The move to create a regional governance benchmark follows the emergence of large-scale falsification of sales at Indonesia-based aquaculture business eFishery. The company had raised more than USD 300m in funding from the likes of Peak XV Partners, Temasek Holdings and SoftBank Investment Advisors.
However, frauds are characteristic of emerging start-up ecosystems. Singapore fashion commerce platform Zilingo was another high-profile blowup in 2022, prompting Peak XV – also an investor – to condemn “wilful misconduct” in the early stages “when there is hardly a business to diligence.” Industry participants point to other less-heralded examples across the region, from Vietnam to Thailand.
“Companies at different stages need different levels of diligence and governance; you can’t have a one-size-fits-all rule,” said Shane Chesson, a founding partner at Southeast Asia-focused Openspace Ventures and vice chair of the Singapore Venture & Private Capital Association (SVCA).

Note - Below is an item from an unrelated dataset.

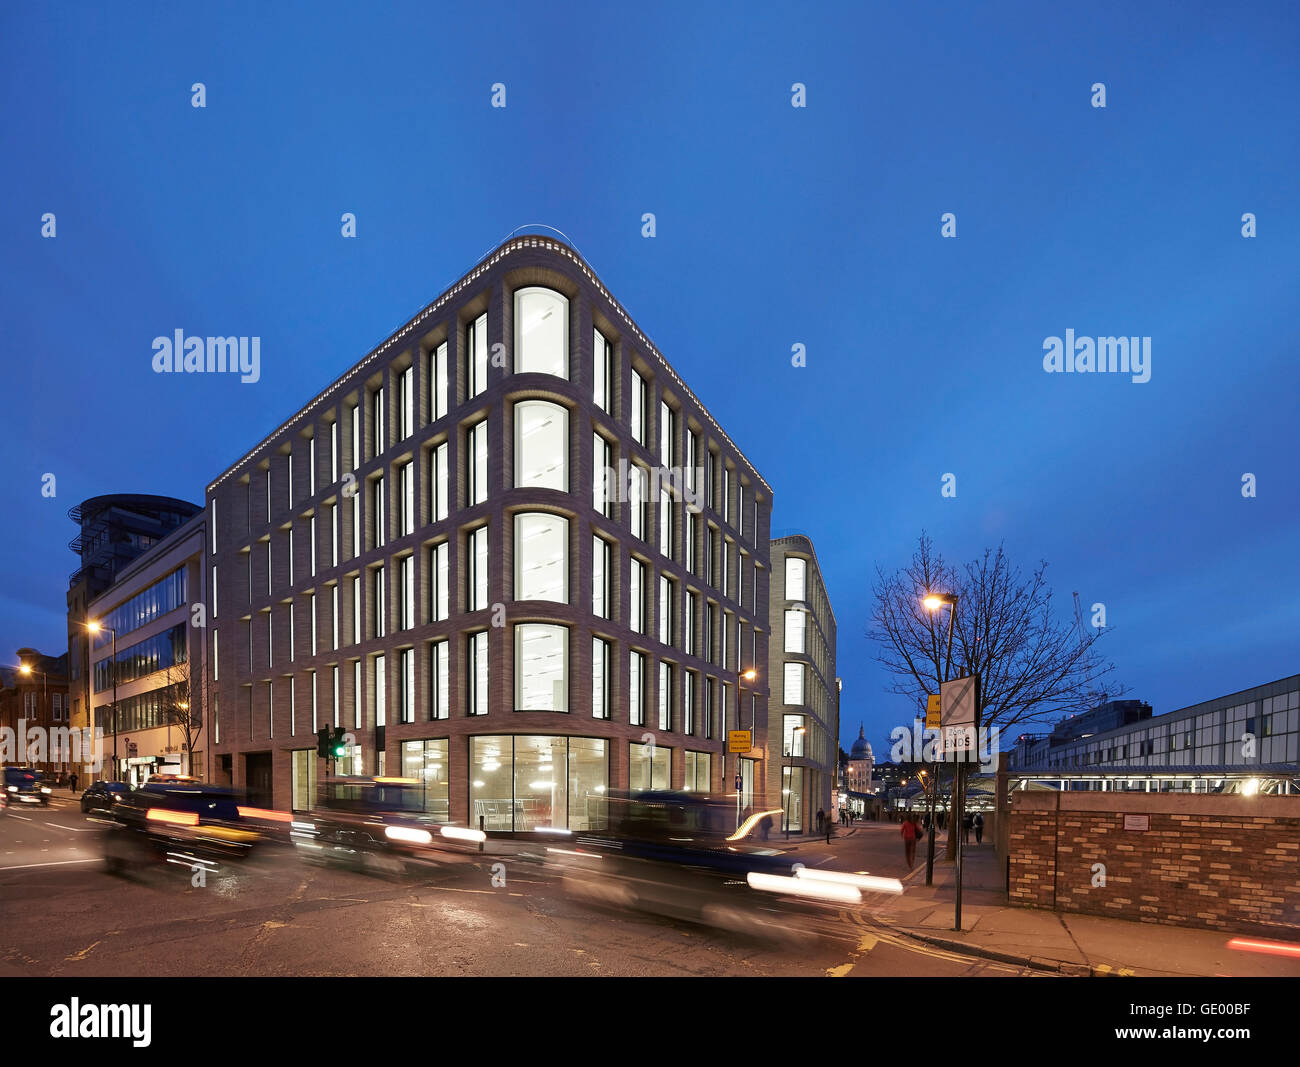 Bâtiment avec scène de rue au crépuscule. Turnmill Building, Londres, Royaume-Uni. Architecte : Piercy & Company, 2015. Banque D'Images

“We can’t expect founders to spend all their time on governance, but we don’t want to see situations where companies are raising big dollars, are nearing IPO, and haven’t fixed their issues. Holding this line when capital comes again in volumes in an up cycle will be hard, but it is key for our region.”
SVCA led the development of the Southeast Asia Governance Improvement Guide for Startups, working alongside the Indonesia Venture Capital Association for Startups (Amvesindo), Thai Venture Capital Association (TVCA), Vietnam Private Capital Agency (VPCA), and Malaysian Venture Capital & Private Equity Association (MVCA).